You see physical movement. Watching the visual images is one level of seeing a film or video, and the flow, the pattern, or the movement from one image to another and over a sequence is created in editing.

You see (and hear!) emotion. Performances and interactions convey emotions and provoke emotions. Just like the movement of images, there are lots of ways that these can be spun in the editing suite. The flow of emotion doesn’t shape itself, and when you experience it, you are experiencing editing.

All of these images and emotions are governed by structure or the movement of events. What happens? How is information released? The flow of the story is also shaped in editing. You definitely don’t see structure when you see a good film, but if you experience a good story, one that moves along in a way appropriate to its subject matter, that doesn’t confuse or bore, then you’ve seen the editing.

I propose that editors stop perpetrating the myth that good editing is invisible. Instead, when someone says good editing is invisible, editors can say, “Well, you can see movement, can’t you? Editing shapes the movement that you see.” If the images fall into a compelling visual pattern, if the emotions engage, if the story makes sense and keeps moving, the editing has shaped these three kinds of movement.

It would be easier, of course, not to argue. But this is not just a theoretical issue for editors; it’s practical, political, and cultural. If we keep letting the myth that good editing is invisible slide by, it’s an easy step from there to not knowing the difference between good editing and not-so-good editing, and an even easier step from there to just having the director or producer cut it himself.

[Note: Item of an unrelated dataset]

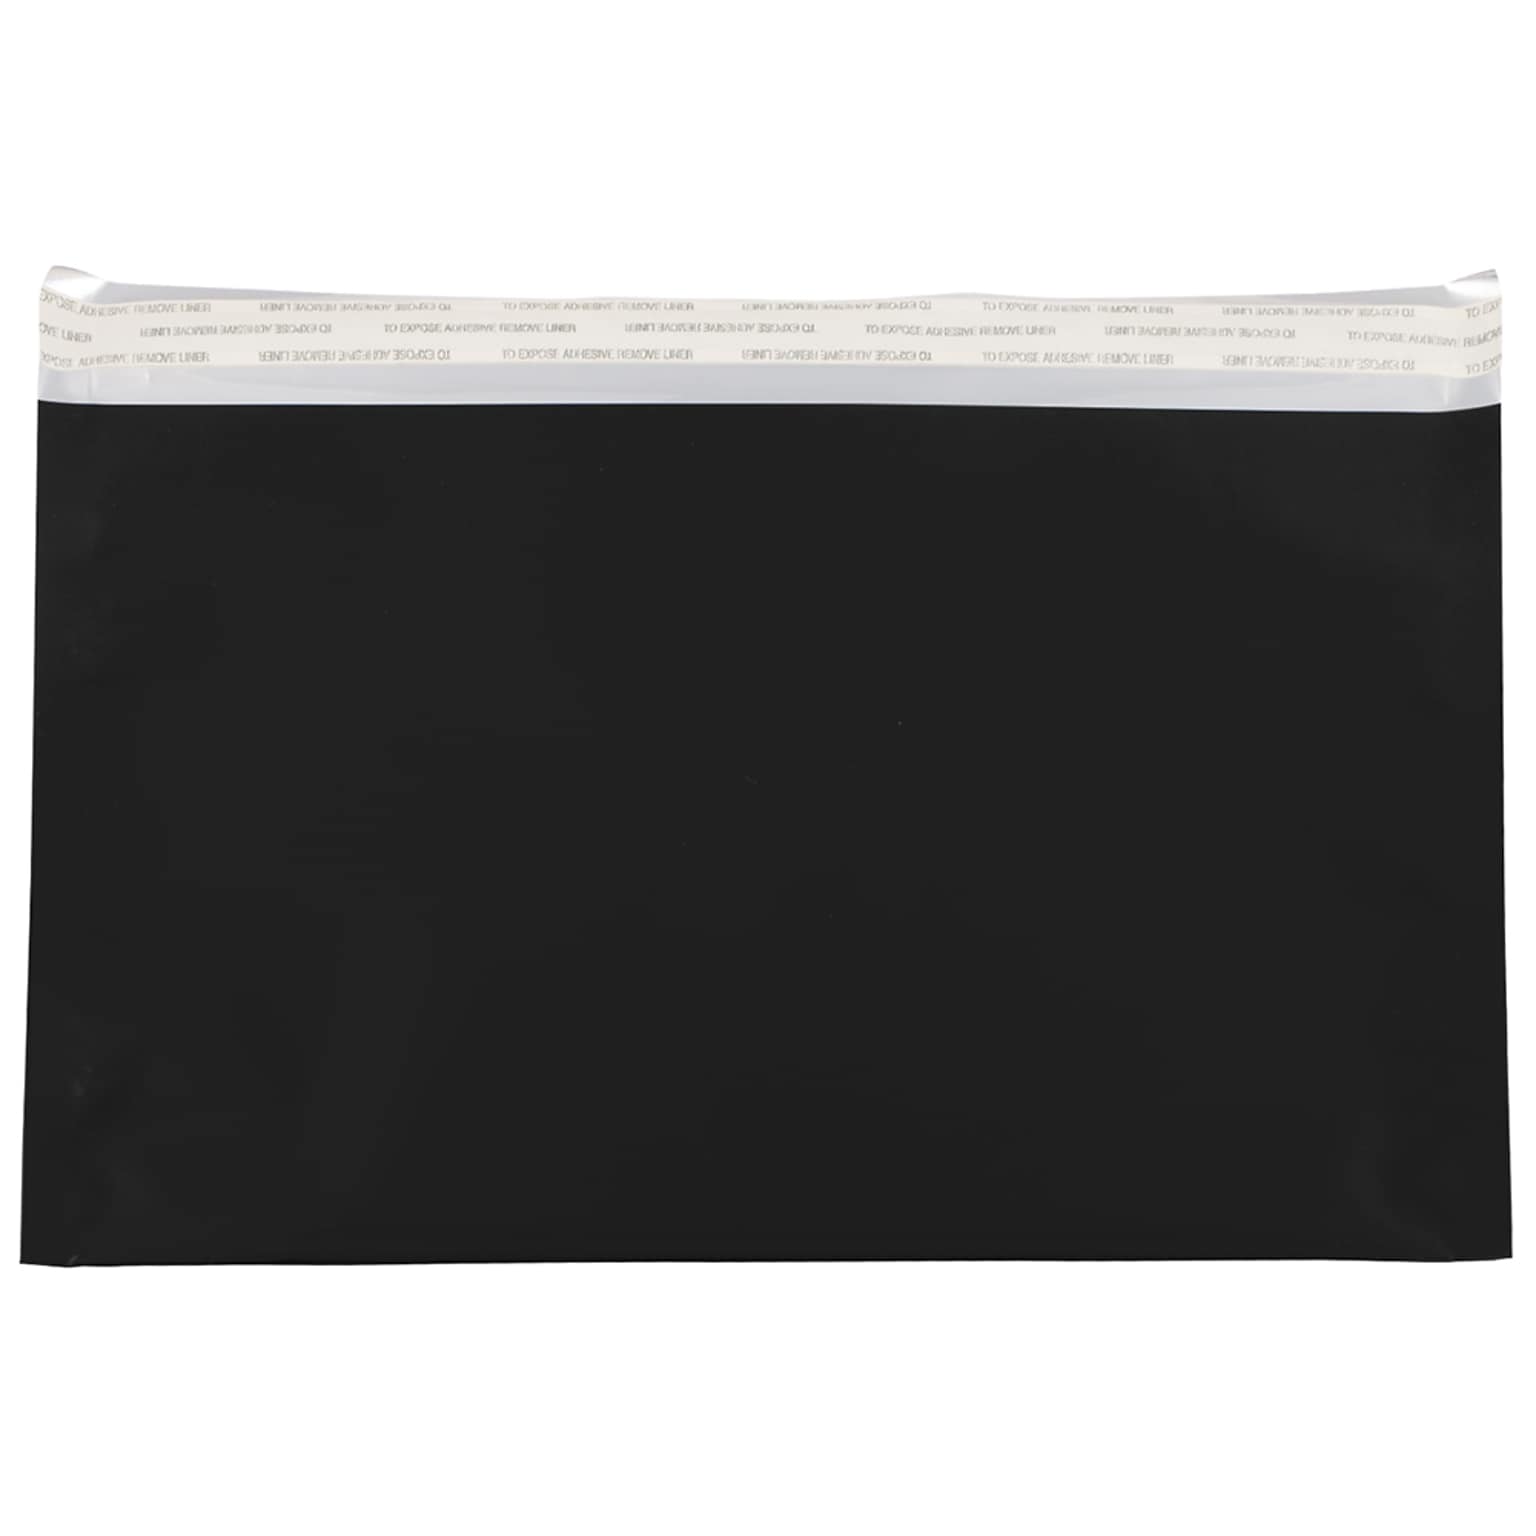 JAM Paper 6.125 x 9.5 Booklet Foil Envelopes with  Peel & Seal Closure, Black, 100/Pack (01323282B)

When we say that good editing is visible, we can say how a good editor’s talents are vitally important to the success of a production. A good editor has a talent for shaping movement. And this talent is distinct from the talents required for directing, producing, or shooting. It is a sensitivity to the movement of shots, performances, and story; a facility for shaping the flow of movement for an audience; and a creativity with combining the movement of images, emotions, and events laterally, to come up with something that is much more than any one of those things on its own.

To elaborate on how an editor shapes physical, emotional, and event movement, the next three chapters will each focus on a particular type of rhythm. Chapters 6 and 7 each have a case study to demonstrate the practical applications and outcomes of focusing on a particular strand of rhythm, and Chapter 8 has case studies focused on bringing all three types of rhythm back together to look at rhythm as a whole as “indispensable in fusing together the meanings expressed …”2

Endnotes

1. Aronson, L., Scriptwriting Updated: New and Conventional Ways of Writing for the Screen, p. 40.

2. Van Leeuwen, Introducing Social Semiotics, p. 182.